The Basel Committee has been defined Operational Risk as the risk of loss resulting from inadequate or failed internal processes, people, and systems or external events. The International Association of Insurance Supervisors defines operational risk similarly as:
The risk of adverse change in the value of capital resources resulting from operational events such as inadequacy or failure of internal systems, personnel, procedures or controls, and external events.
Examples of Operational Risk:
Seven categories of operational risk have been identified by the Basel Committee:
- Internal fraud: Acts of a type intended to defraud, misappropriate property or circumvent regulations, the law, or company policy (excluding those concerned with diversity or discrimination) involving at least one internal party. Examples include intentional misreporting of positions, employee theft, and insider trading on an employee’s account.

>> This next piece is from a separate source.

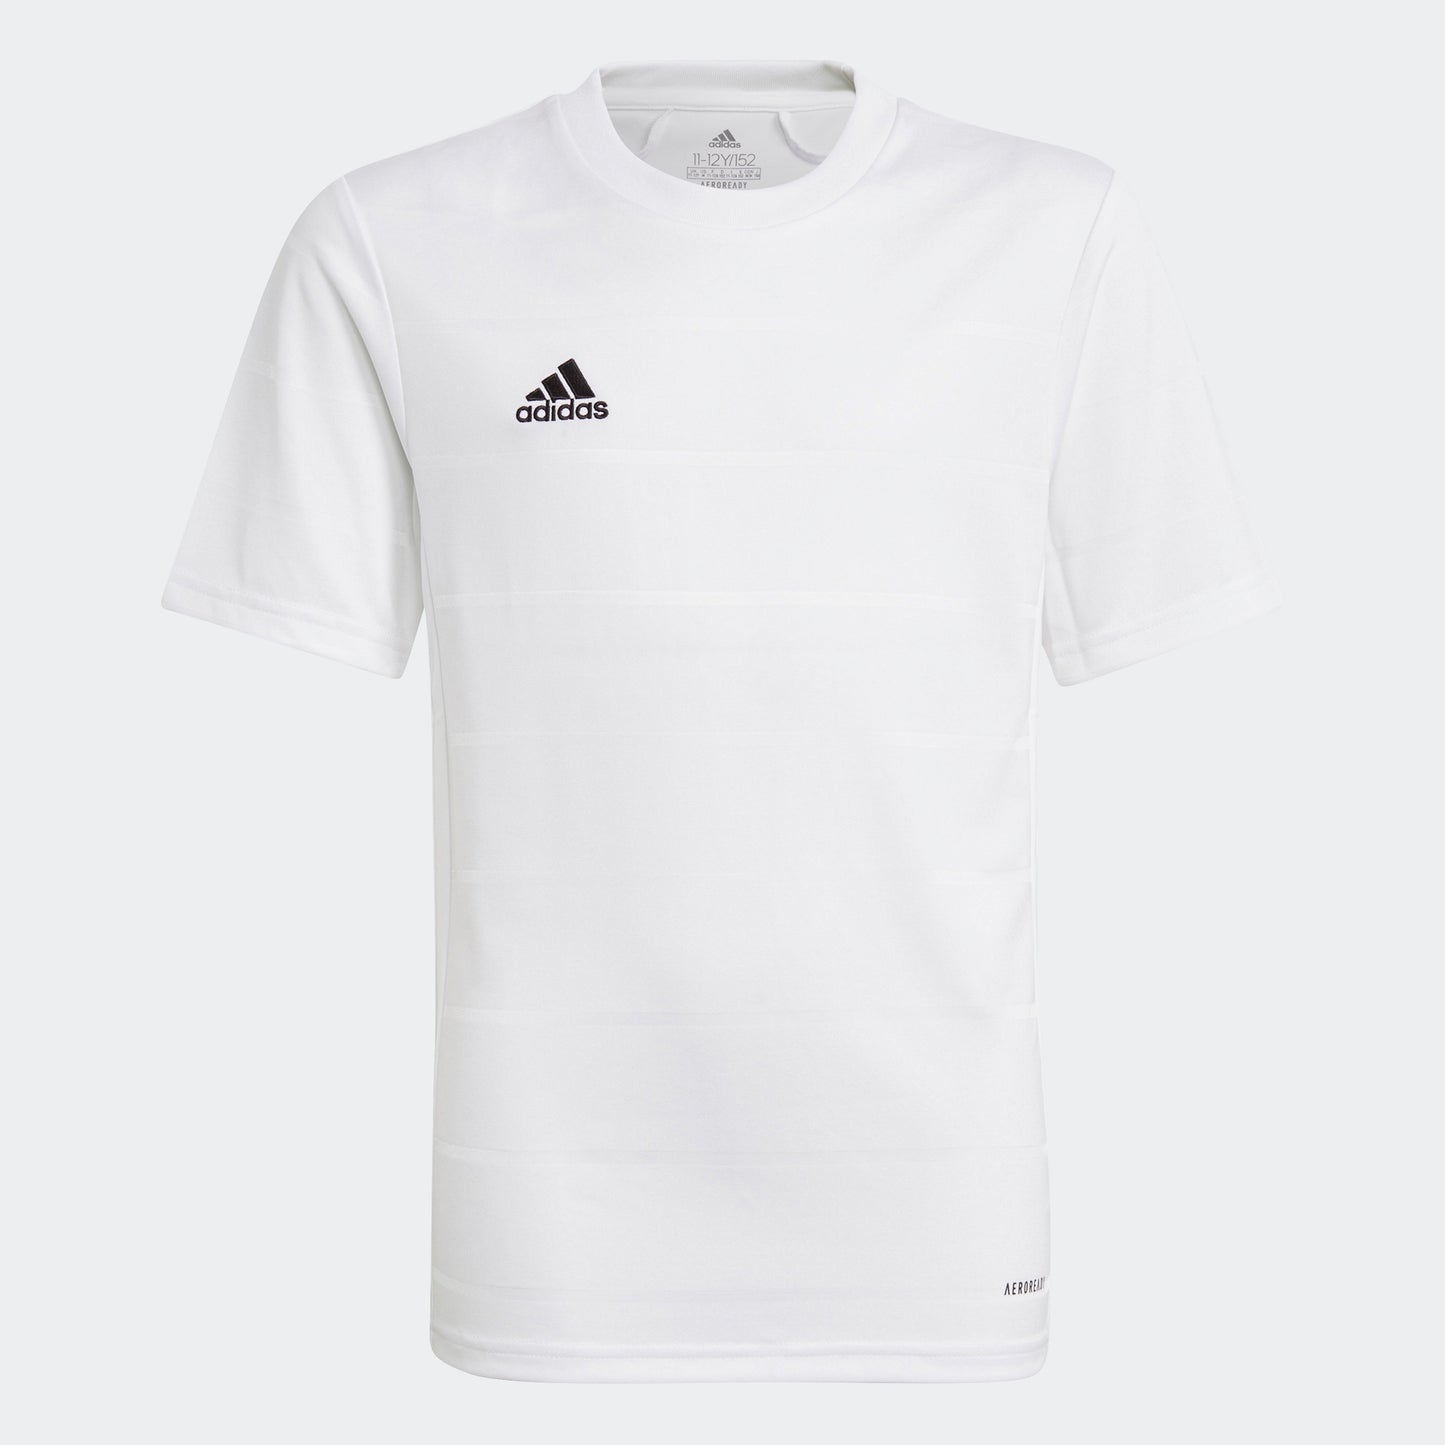 adidas CAMPEON 21 Soccer Jersey | White | Youth

- External fraud: Acts by a third party of a type intended to defraud, misappropriate property, or circumvent the law. Examples include robbery, forgery, check to kite, and damage from computer hacking.
- Employment practices and workplace safety: Acts inconsistent with employment, health or safety laws or agreements, resulting in payment of personal injury claims or claims relating to diversity or discrimination issues. Examples include workers’ compensation claims, violation of employee health and safety rules, organised labor activities, discrimination claims, and general liability (for example, a customer slipping and falling at a branch office).
- Clients, products, and business practices: Unintentional or negligent failure to meet a professional obligation to clients and the use of inappropriate products or business practices. Examples are fiduciary breaches, misuse of confidential customer information, improper trading activities on the bank’s account, money laundering, and the sale of unauthorised products.
- Damage to physical assets: Loss or damage to physical assets from natural disasters or other events. Examples include terrorism, vandalism, earthquakes, fires, and floods.
- Business disruption and system failures: Disruption of business or system failures. Examples include hardware and software failures, telecommunication problems, and utility outages.
- Execution, delivery, and process management: Failed transaction processing or process management and disputes with trade counterparties and vendors. Examples include data entry errors, collateral management failures, incomplete legal documentation, unapproved access to clients’ accounts, non-client counterparty misperformance, and vendor disputes.